## COLLECTED DATA
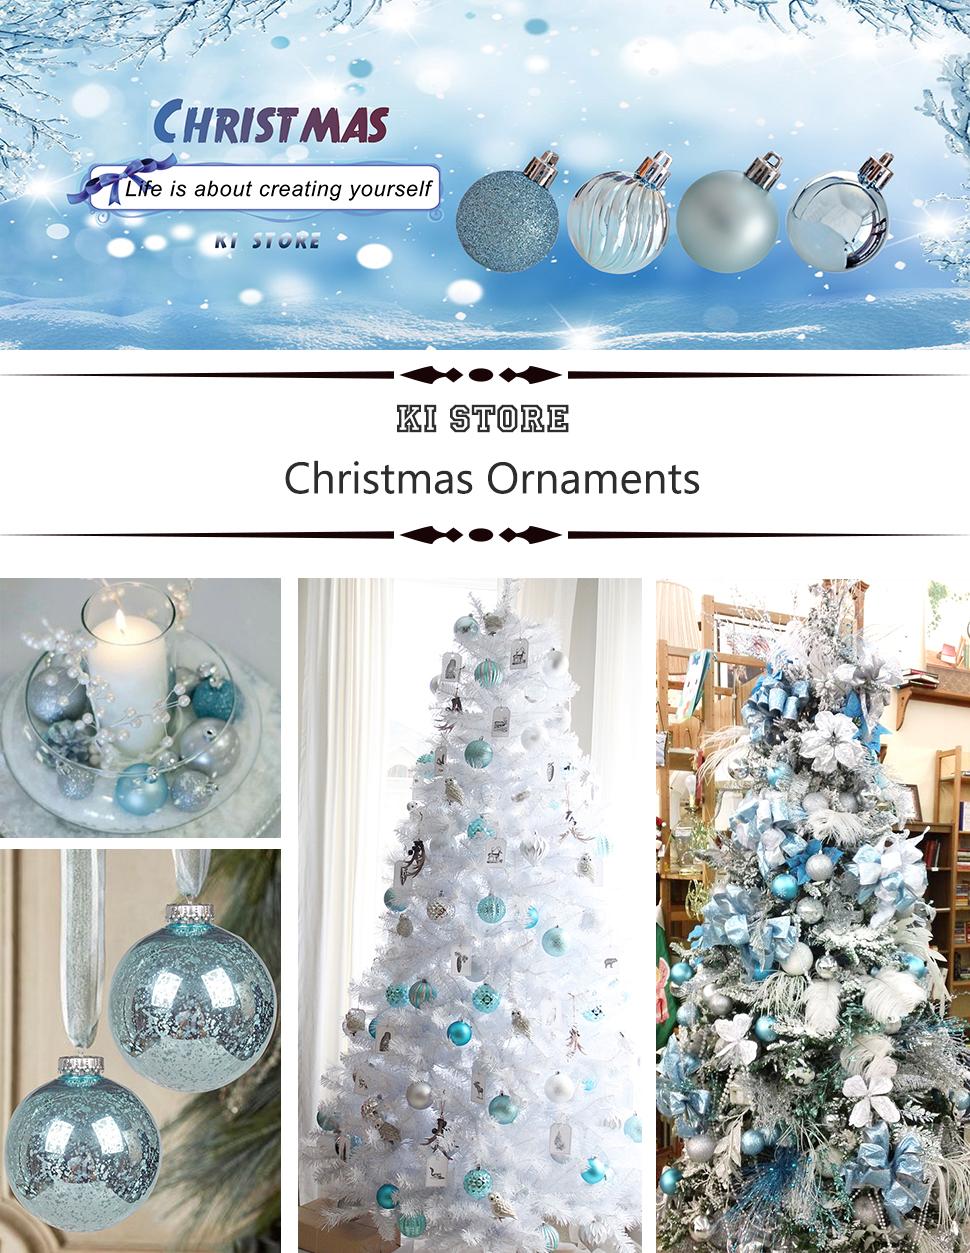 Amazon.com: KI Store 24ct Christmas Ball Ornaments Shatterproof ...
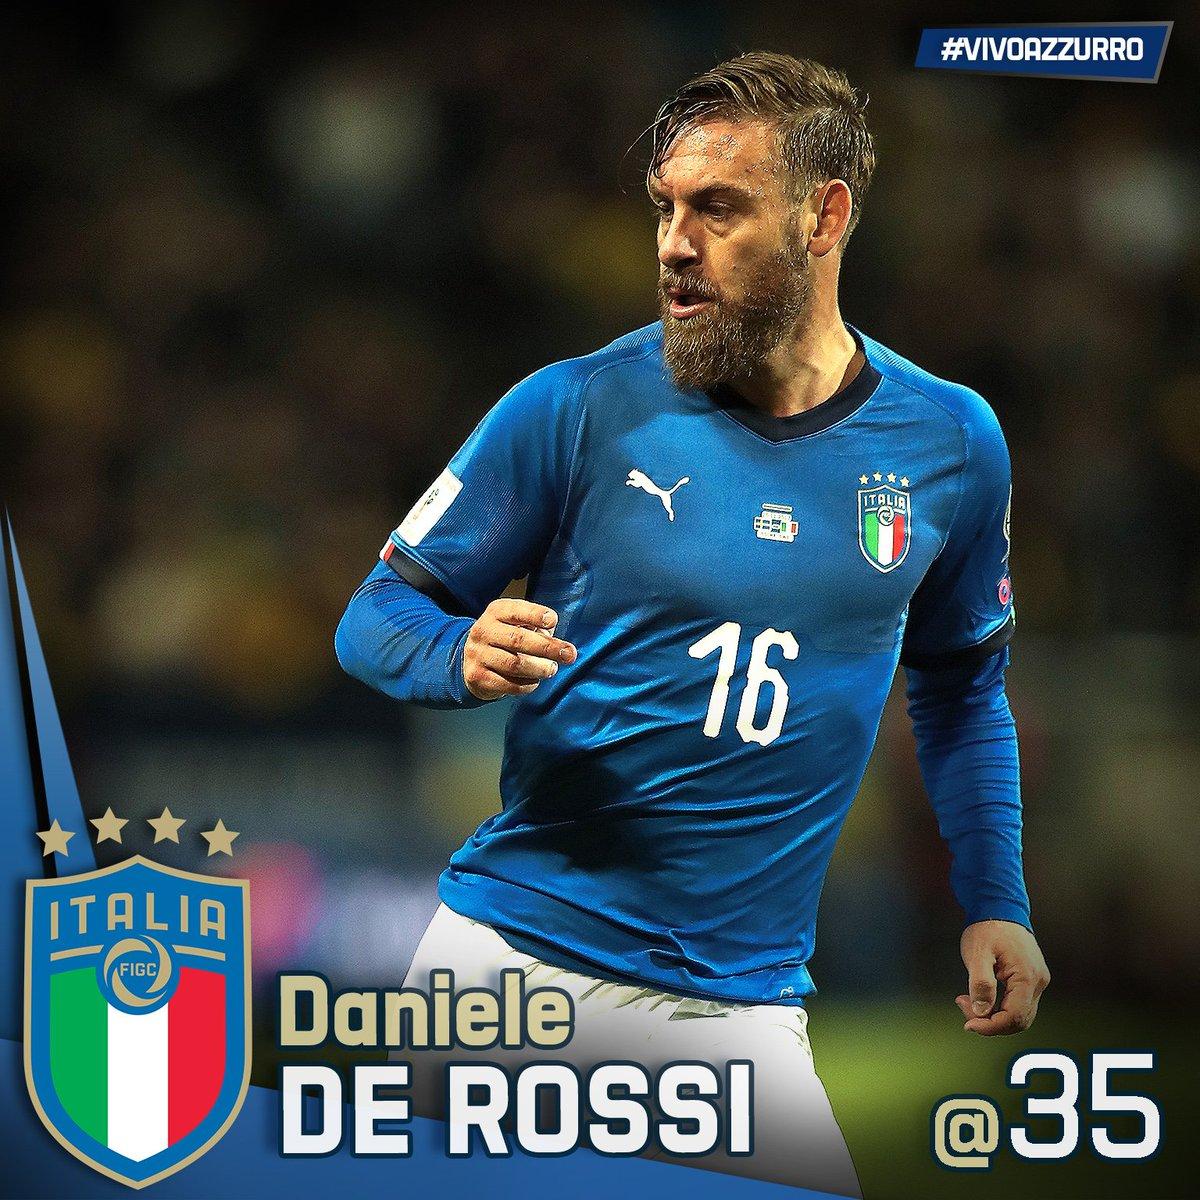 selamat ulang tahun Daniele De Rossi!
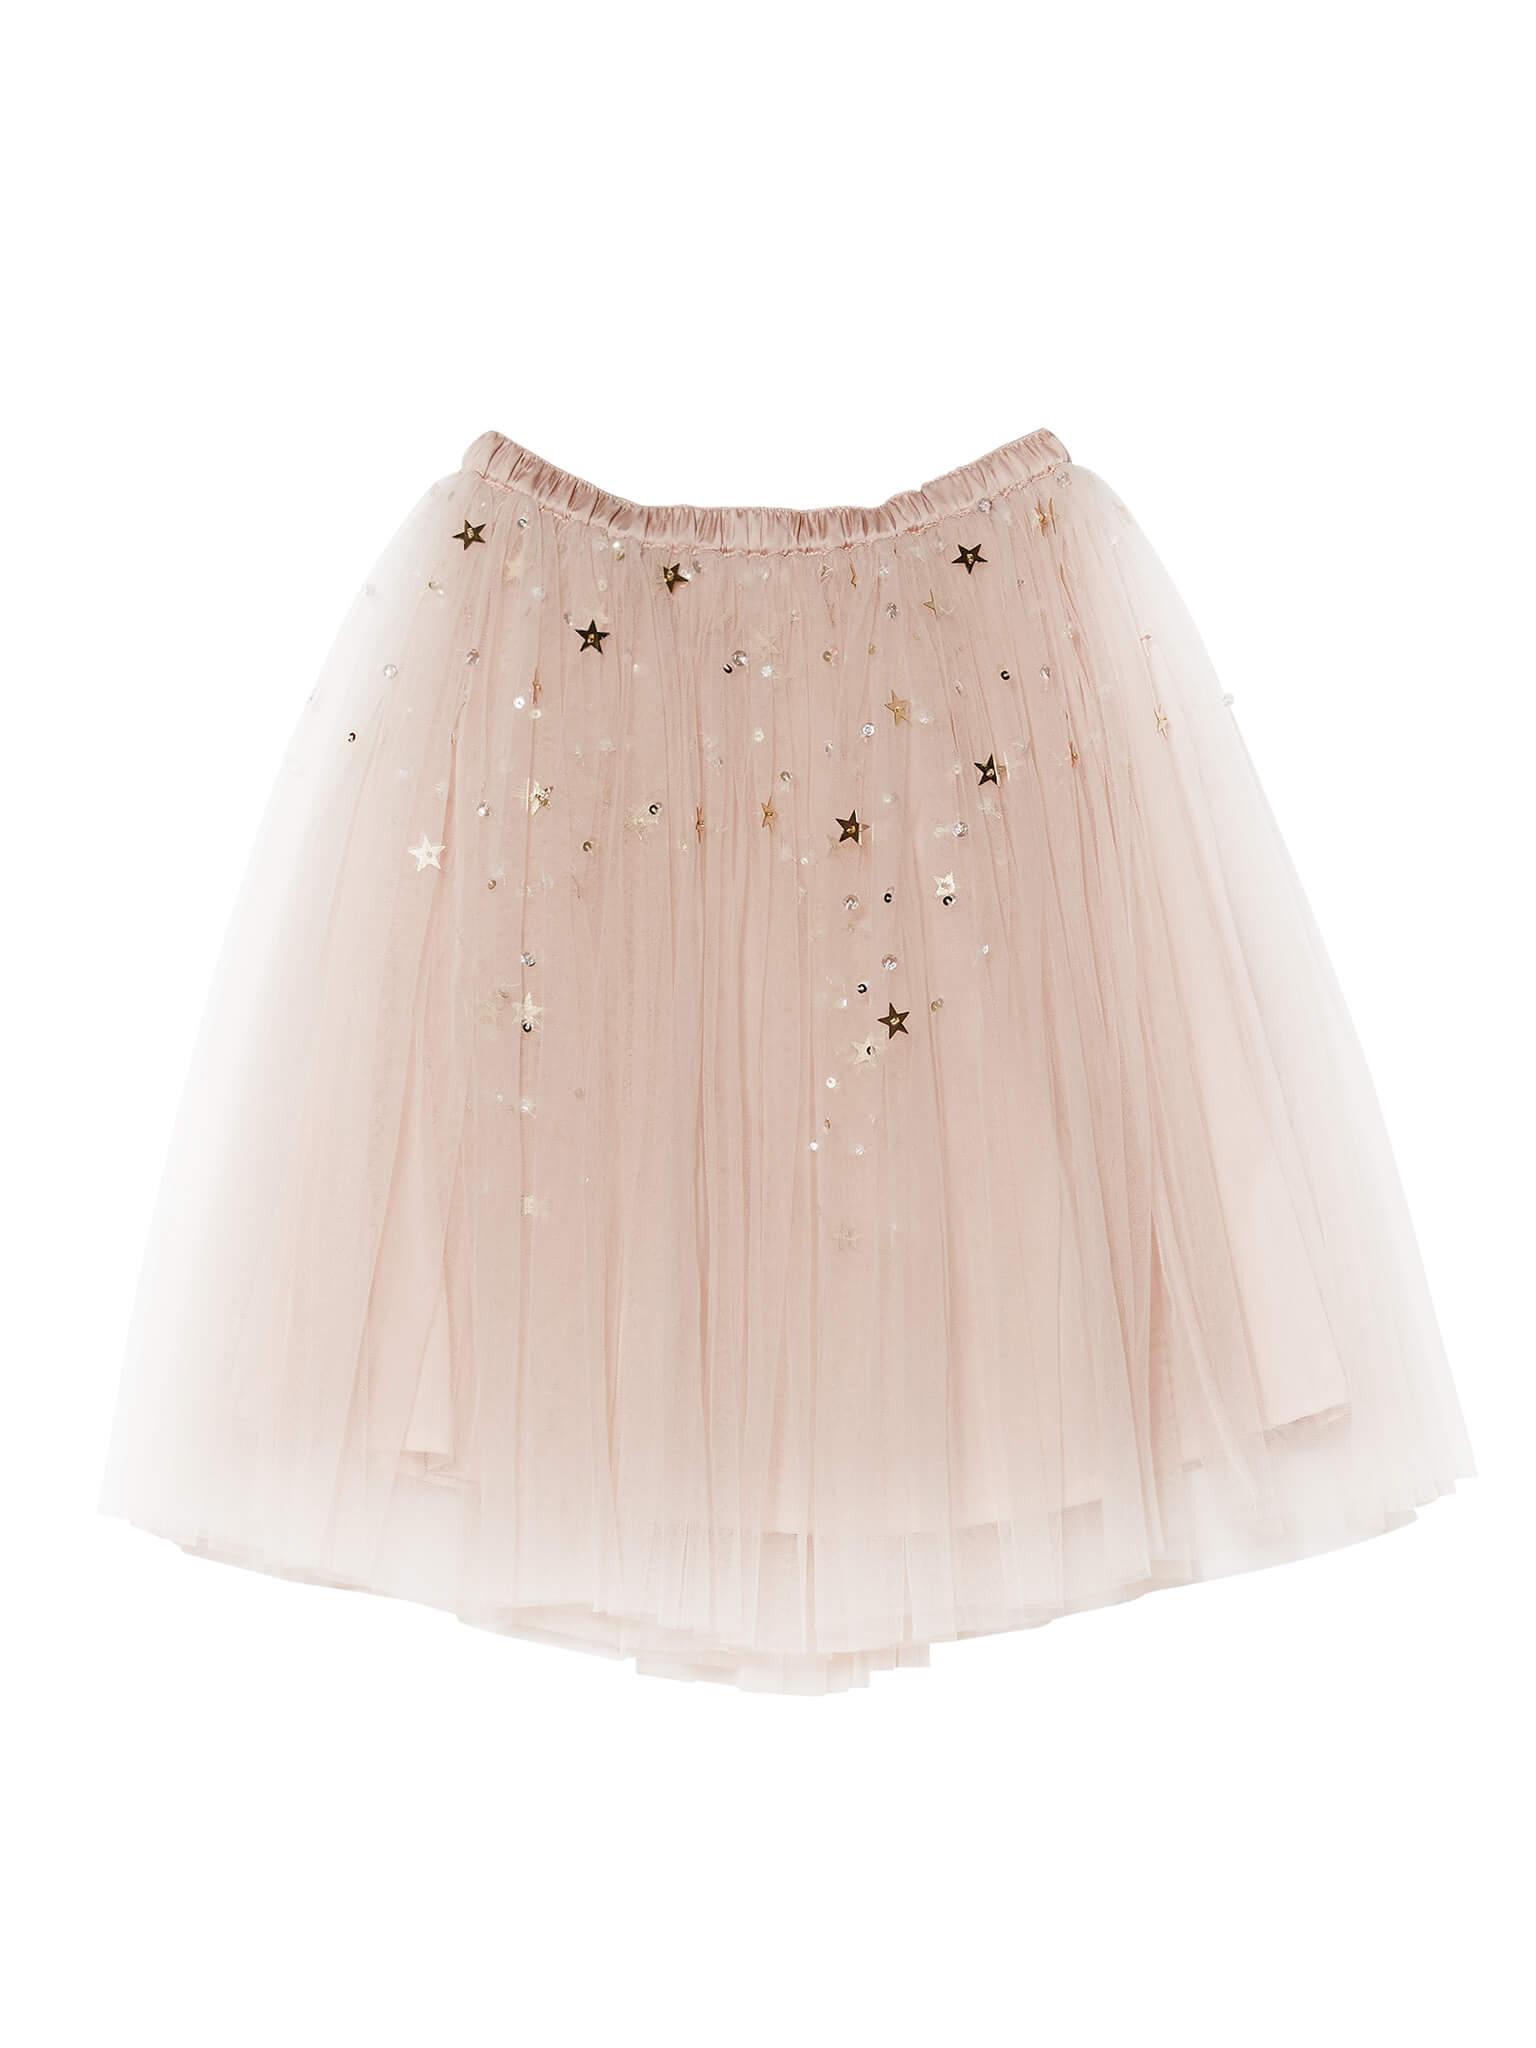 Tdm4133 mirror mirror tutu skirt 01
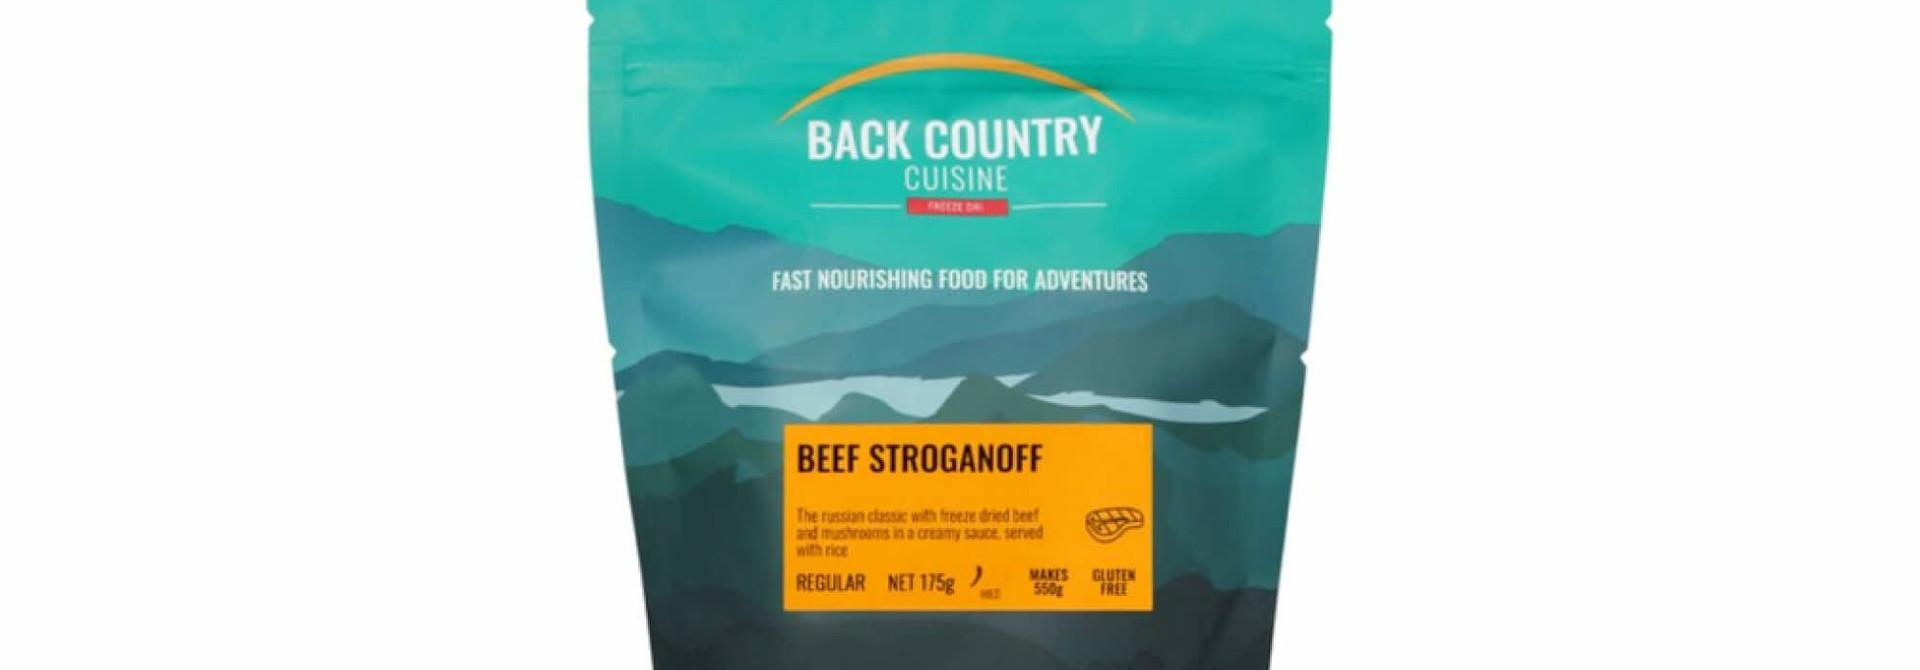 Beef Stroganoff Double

## WORK TASK
With the pictures removed, return the data above word for word.

## FINAL ANSWER
 Amazon.com: KI Store 24ct Christmas Ball Ornaments Shatterproof ...
 selamat ulang tahun Daniele De Rossi!
 Tdm4133 mirror mirror tutu skirt 01
 Beef Stroganoff Double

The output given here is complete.